Summary and Pharmaceutical Comment

Interest in pennyroyal has focused on the toxicity associated with the volatile oil. No documented reports of the pharmacological actions exhibited by the herb were located. In view of its potential toxicity, pennyroyal oil is not suitable for internal or external use.

Species (Family)

*Mentha pulegium L. (Labiatae/Lamiceae)

†Hedeoma pulegioides (L.) Pers.

Synonym(s)

*Pulegium vulgare Mill., P. parviflorum (Req.) Samp. pro parte

†Melissa pulegioides L., Squaw Mint

Part(s) Used

Herb

Pharmacopoeial and Other Monographs

BHP 1983(G7)

Martindale 35th edition(G85)

Legal Category (Licensed Products)

Pennyroyal is not included in the GSL.(G37)

P

Constituents

The following is compiled from several sources, including General References G22, G48 and G58.

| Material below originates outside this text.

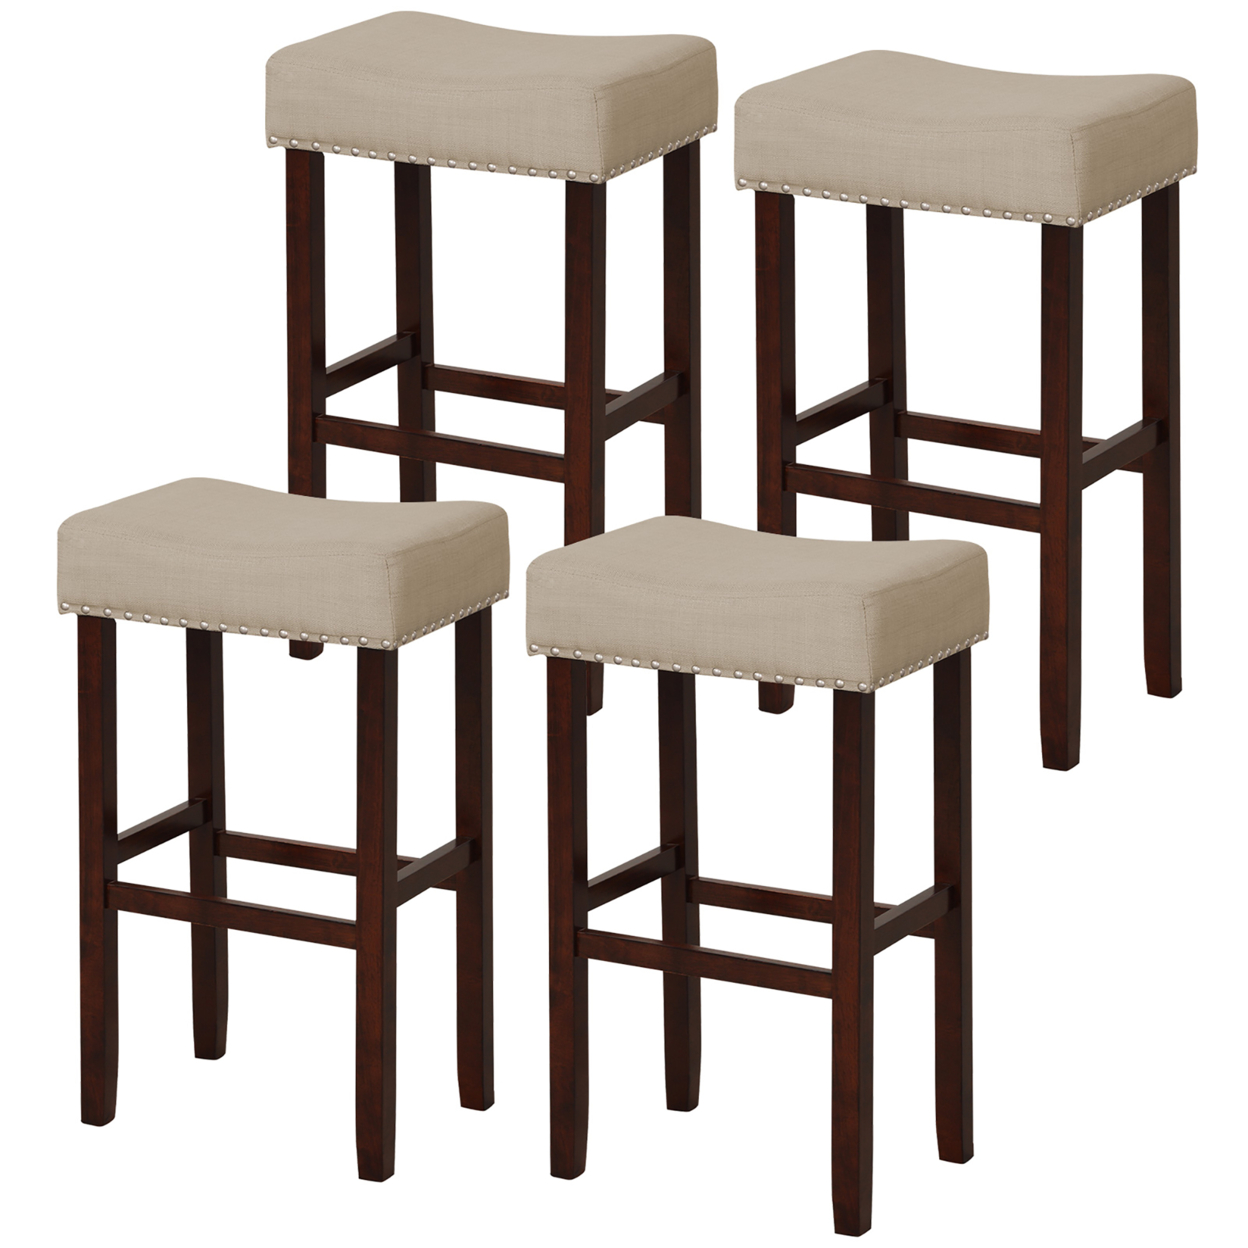 Set Of 4 Bar Stools Bar Height Saddle Kitchen Chairs W/ Wooden Legs Beige

Volatile oils 1–2%. Pulegone is the principal component (60– 90%); others include menthone, iso-menthone, 3-octanol, piperitenone and trans-iso-pulegone.

Food Use

Pennyroyal is not commonly used in foods. It is listed by the

Council of Europe as a natural source of food flavouring (category N3).(G16) This category indicates that there is insufficient

information available for an adequate assessment of toxicity

(but see Side-effects, Toxicity). Previously, in the USA, pennyroyal has been permitted for use in foods.(G65)

Herbal Use

Pennyroyal is stated to possess carminative, antispasmodic, diaphoretic and emmenagogue properties, and has been used topically as a refrigerant, antiseptic and insect repellent. Traditionally, it has been used for flatulent dyspepsia, intestinal colic, common cold, delayed menstruation, and topically for cutaneous eruptions, formication and gout.(G7)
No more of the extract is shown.